Federico Bahamontes obituary

 Federico Bahamontes during the 15th stage of the Tour de France, between Lunchon and Toulouse, in 1958.
Federico Bahamontes during the 15th stage of the Tour de France, between Lunchon and Toulouse, in 1958. Photograph: AFP/Getty Images

Federico Bahamontes, who has died aged 95, was the first Spaniard to win the Tour de France. Eccentric, driven and solitary, the “Eagle of Toledo” was widely regarded as the tour’s finest mountain climber of the postwar era, taking the King of the Mountains prize six times between 1954 and 1964, a record that was not equalled until the 1980s.
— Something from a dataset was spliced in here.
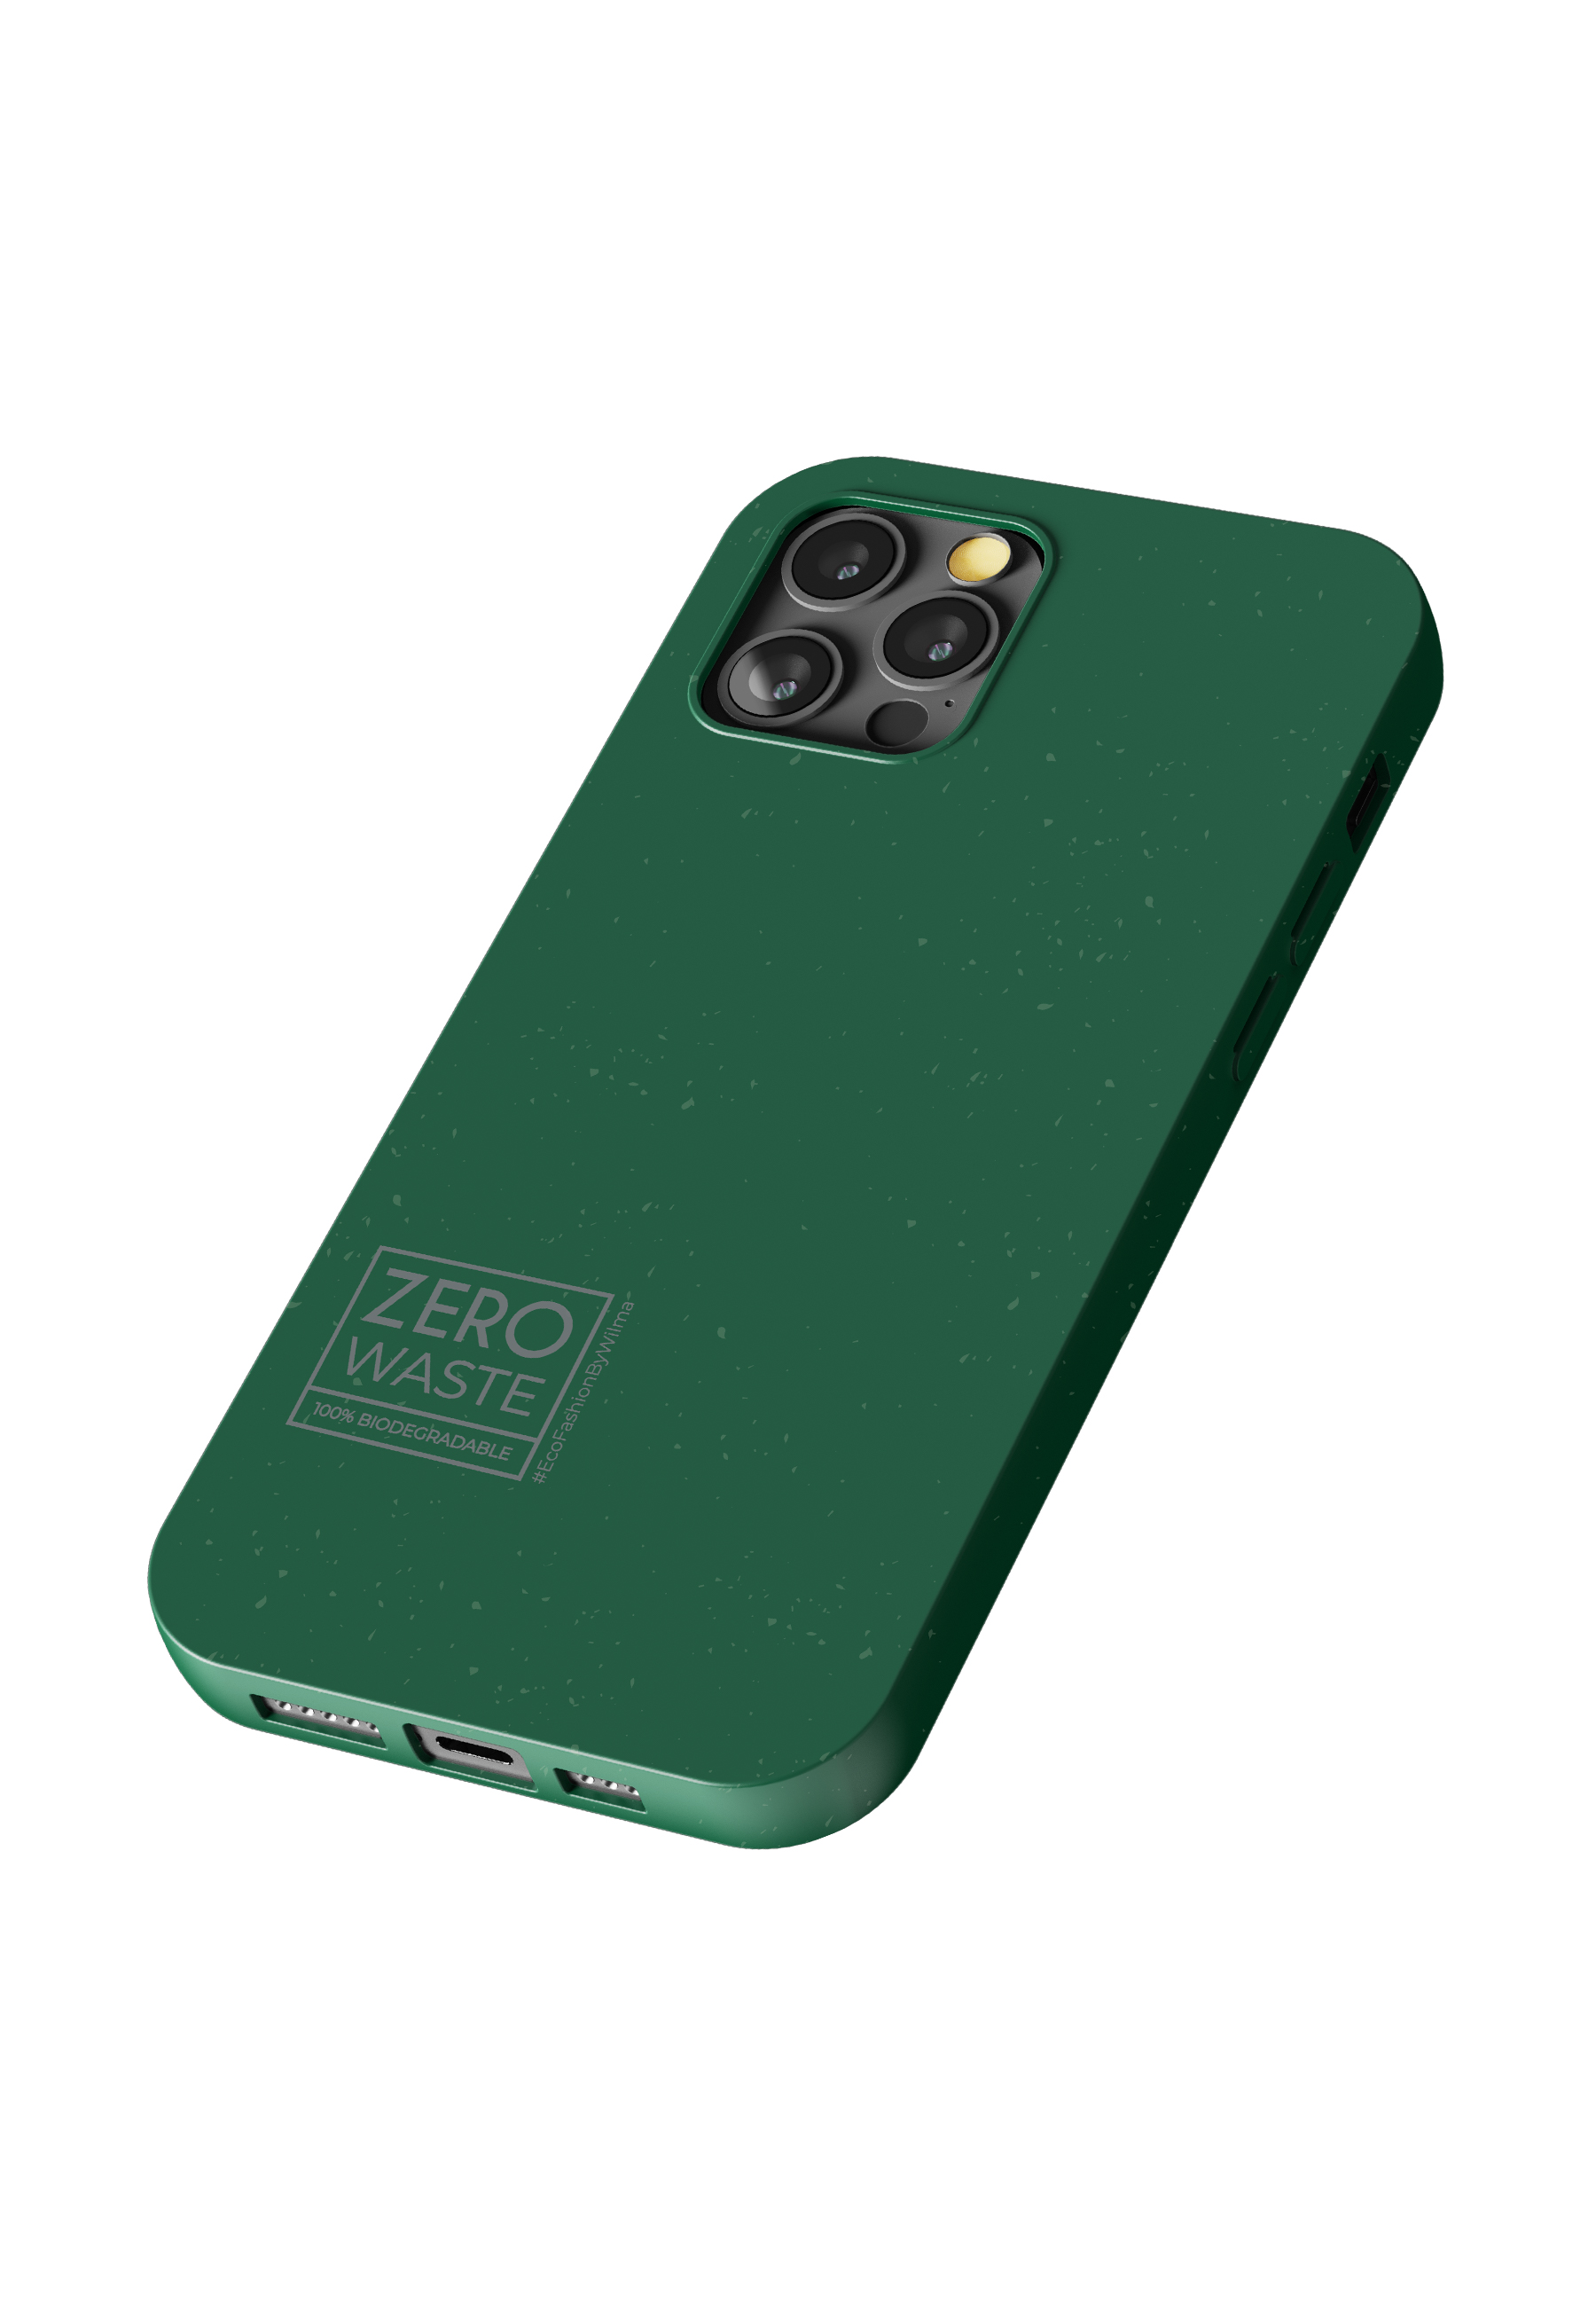 BY iPhone ECO FASHION Apple, WILMA Pro Max, Backcover, P12PM, 12 green

He was also the first to win the Mountains prize in all three grand tours – France, Spain and Italy.

Bahamontes is celebrated for an episode on the Col de Romeyère in the Alps in his first tour in 1954: he was part of a four-rider break that led up the climb, with – so he recalled – 14 minutes’ advantage on the bunch, crossed the King of the Mountains line first, then pulled in and went straight to an ice-cream van; he was mobbed by the crowd as he tackled the cone.
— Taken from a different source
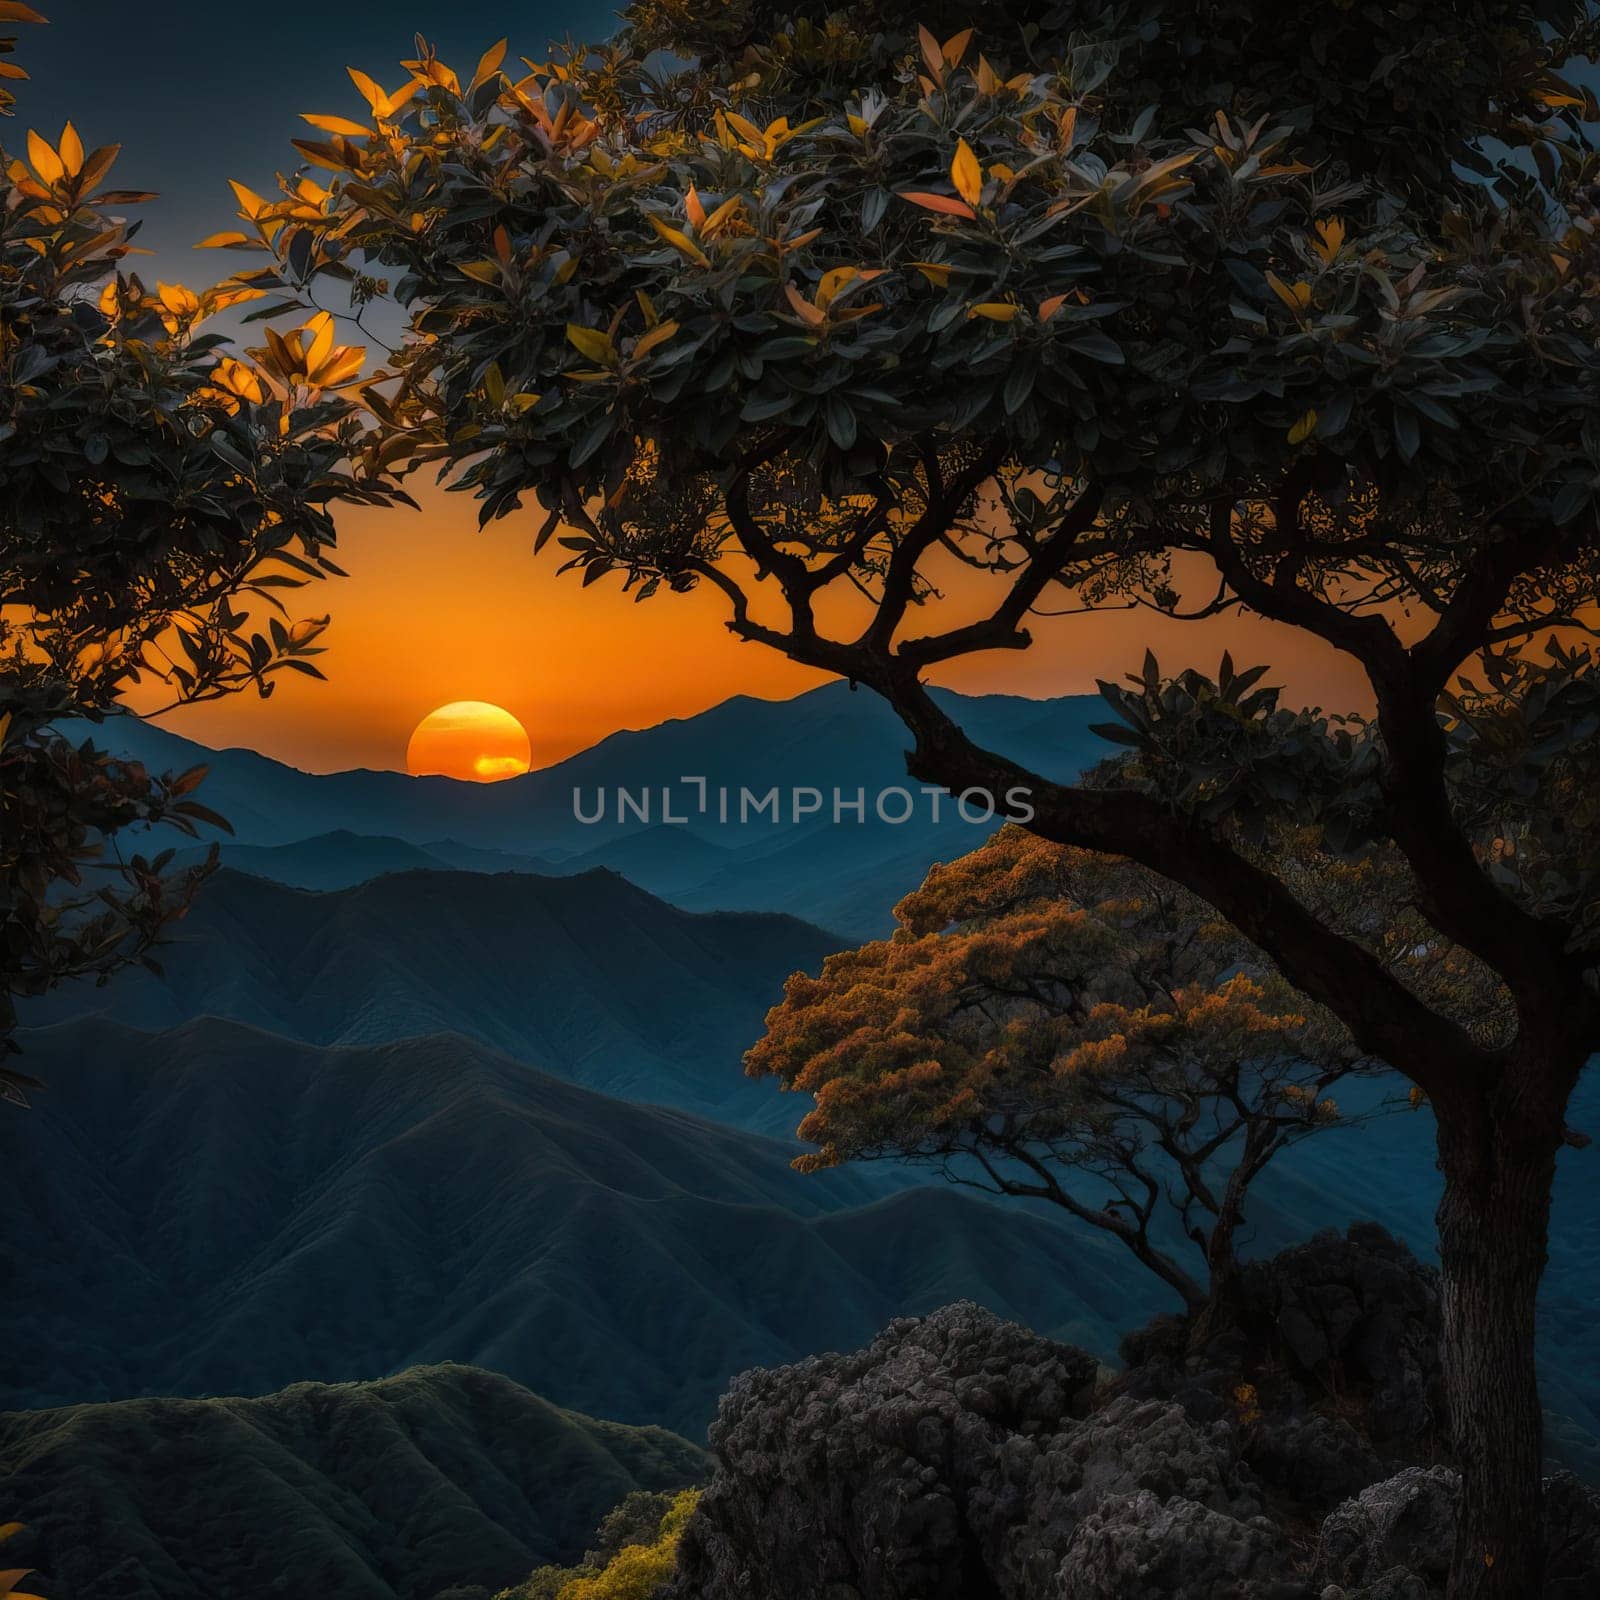 Moonlit night in the mountains by applesstock

He later explained that he had broken two spokes in his front wheel and was waiting for his team car to give him a spare wheel or a bike, but the vehicle was stuck way behind the peloton. With the ice-cream eaten, he went to a nearby stream, filled a bottle with water, and sprayed the bunch as they struggled over the summit, which earned him a fine from the race jury.

Federico Bahamontes doing a victory lap in the Parc des Princes, Paris, after winning the Tour de France in 1959.
Federico Bahamontes doing a victory lap in the Parc des Princes, Paris, after winning the Tour de France in 1959. Photograph: AFP/Getty Images

He was born in Val de Santo Domingo, Toledo, one of the four children of Victoria Bahamontes and Julián Martín, and used his mother’s surname as there were a lot of Martíns in his local town. His father was a roadmender before becoming, briefly, the foreman on an estate owned by the Duke of Montoya.

The estate was requisitioned by Republican troops besieging the Alcázar fortress in Toledo, prompting the family to flee to Madrid before returning to Toledo after the civil war ended, where – as for many in Spain – life became a constant fight against starvation.

Later, Bahamontes recalled stealing vegetables from trucks, eating orange peel, stale bread, vineshoots, rotten fruit and cats – which the family called “baby goats”. He sold live ammunition for scrap, worked in the fields and helped his father mend roads, and when he was 18, he acquired a bike in order to further his career buying food in local villages and selling it on the black market.

Bike racing was initially just another way to make money; his first race was on the Fiesta Nacional, in July 1947; he finished second, and 12 months later became a full-time amateur racer, at times travelling to compete by hitching rides on freight trains, occasionally “throwing” a major race to make money.

In 1953 he turned professional with the Balanzas Berkel squad, sponsored by a manufacturer of scales, rapidly making a name for himself with marathon breakaway attempts that led followers of the sport to question his sanity.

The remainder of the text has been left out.